In this way, according to the present embodiment, the controller 37 determines whether the hydraulic pump 12 is in the preset loaded state, and validates the controlled variable (for example, the torque correction value ΔTa) related to the torque command value Ta of the speed sending control as the diagnosis data of the engine 10 and enables the controlled variable to be displayed as the trend data for the engine diagnosis when it is determined that the hydraulic pump 12 is in the preset loaded state; thus, it is thereby possible to greatly reduce the volume of data captured in the controller 37 as the diagnosis data of the engine 10 and suppress a cost required to perform diagnosis of the degradation such as the reduction in the output power of the engine 10.

Furthermore, the time history data for the engine diagnosis is generated as the diagnosis data of the engine 10 by validating the controlled variable related to the torque command value Ta of the speed sensing control when the hydraulic pump 12 is in the preset loaded state (operation scene where the load torque of the hydraulic pump 12 is in the stable state), it is possible to suppress diagnosis noise based on a measurement error or the like, accurately grasp a situation of the reduction in the output power of the engine 10, and improve accuracy of the diagnosis of the engine degradation as depicted in FIG. 8.

While a case in which the number of hydraulic pumps is one has been described in the above embodiment, it is also possible to calculate loaded states of a plurality of hydraulic pumps by similarly calculating a load on each hydraulic pump and summing up the loads. Furthermore, as for the torque correction amount ΔTa, it is possible to grasp the state of the engine by calculating the torque correction amount ΔTa of one of the hydraulic pumps since the plurality of hydraulic pumps are driven by the same engine.

Second Embodiment

A second embodiment of the present invention will be described.

In the first embodiment, the state determination section 56 limits the “preset loaded state” of the hydraulic pump 12 for acquiring the diagnosis data of the engine 10 to the specific operation scene of the hydraulic system that satisfies the diagnosis condition for the engine 10; thus, it is possible to accurately grasp the loaded state of the hydraulic pump 12. Owing to this, it is possible to suppress the diagnosis noise and accurately grasp the situation of the reduction in the output power of the engine 10.

On the other hand, however, since the “preset loaded state” of the hydraulic pump 12 for acquiring the diagnosis data of the engine 10 is limited to the specific operation scene, it is estimated that an occurrence frequency of such a limited operation scene is low depending on an environment such as a manner of operator's operation and a content of work, a constraint on a site, and the like, the operation scene for acquiring the diagnosis data is rare depending on situations, and it is impossible to provide good-quality diagnosis.

The second embodiment is intended to improve the respects and to be capable of sufficiently acquiring the diagnosis data of the engine 10. Details of the second embodiment will be described hereinafter.

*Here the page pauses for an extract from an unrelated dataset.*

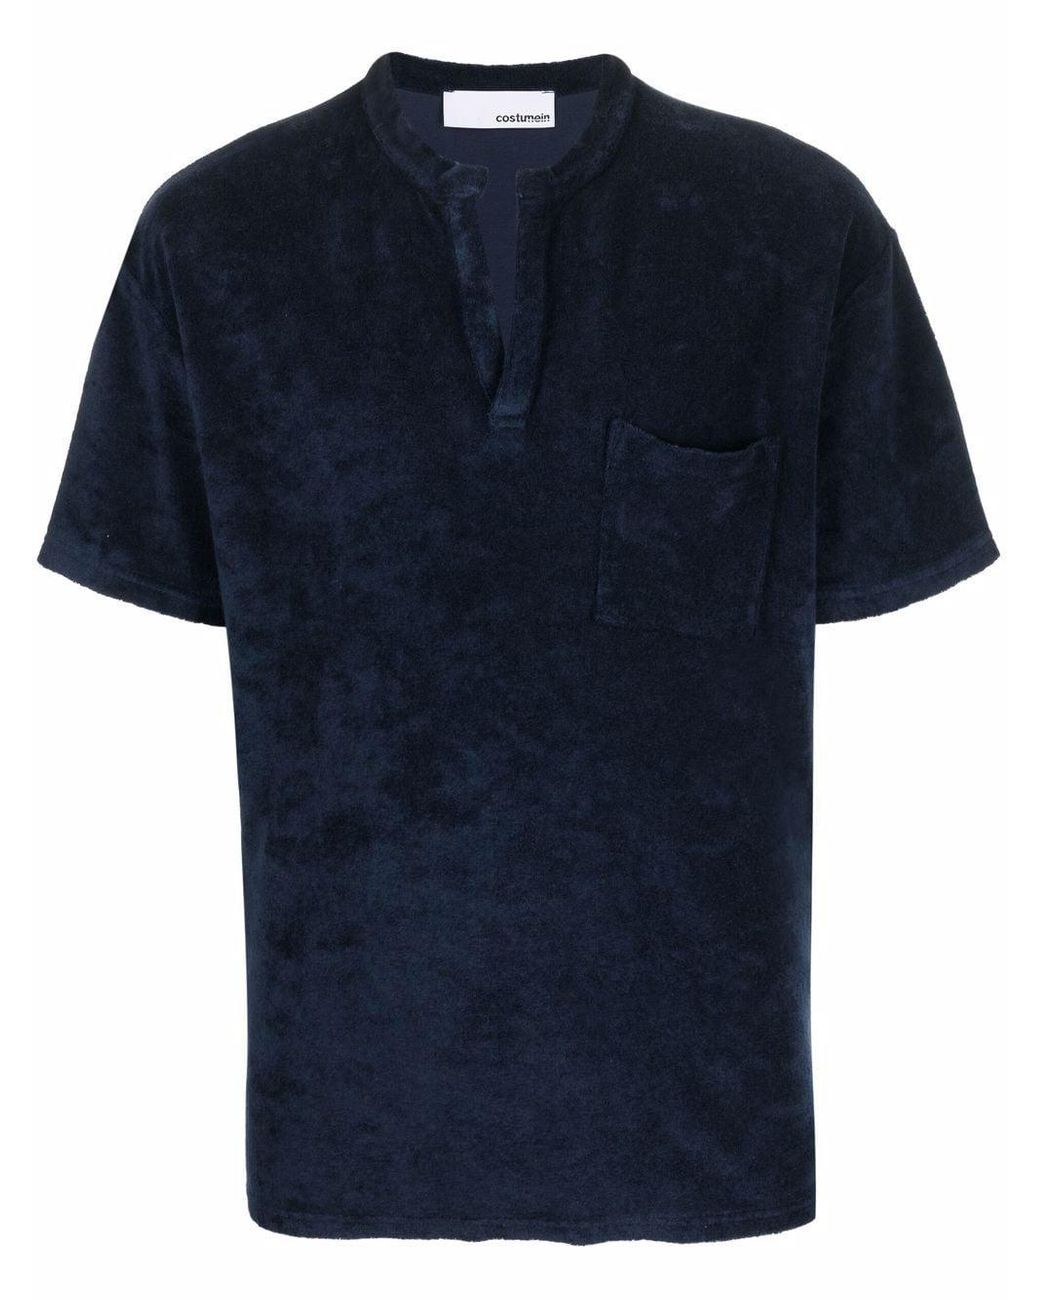 Costumein Cotton Terry-cloth T-shirt in Blue for Men | Lyst

The same parts as those in the first embodiment are denoted by the same reference characters and description thereof is omitted.

A concept of the present embodiment will first be described.

The tilting amount of the hydraulic pump 12 can be calculated within the controller 37 since the tilting amount of the hydraulic pump 12 is controlled by the controller 37. Furthermore, the delivery pressure of the hydraulic pump 12 is detected by the pressure sensor 21 and available within the controller 37. It is, therefore, possible to calculate the loaded state of the hydraulic pump 12 using the pump tilting amount and the pump delivery pressure.

A load torque T acting on the hydraulic pump 12 is expressed by the following Equation.

T=q×P/2n

• • q: Tilting amount of hydraulic pump 12 (cc/rev)
  • P: Delivery pressure of hydraulic pump 12

When a plurality of hydraulic pumps 12 are used, it is possible to calculate a torque of the overall pumps by calculating the tilting amount q and the delivery pressure P of each of the hydraulic pumps 12 to obtain the load torque T and by summing up the load torques T.

In the hydraulic system including such a hydraulic pump 12, taking the measurement error, the noise, and the like of the pressure sensor 25 into consideration, situations of errors in the calculated torque are those depicted in FIG. 9. Since error factors include an error in detection of the delivery pressure of the hydraulic pump 12 and an error in calculation of the tilting amount of the hydraulic pump 12, the calculated load torque of the hydraulic pump 12 tends to have a certain error width with respect to the actual load torque of the hydraulic pump 12. It is, therefore, effective to perform diagnosis and evaluation in a region of a high pump load torque that makes it possible to apparently reduce such error factors.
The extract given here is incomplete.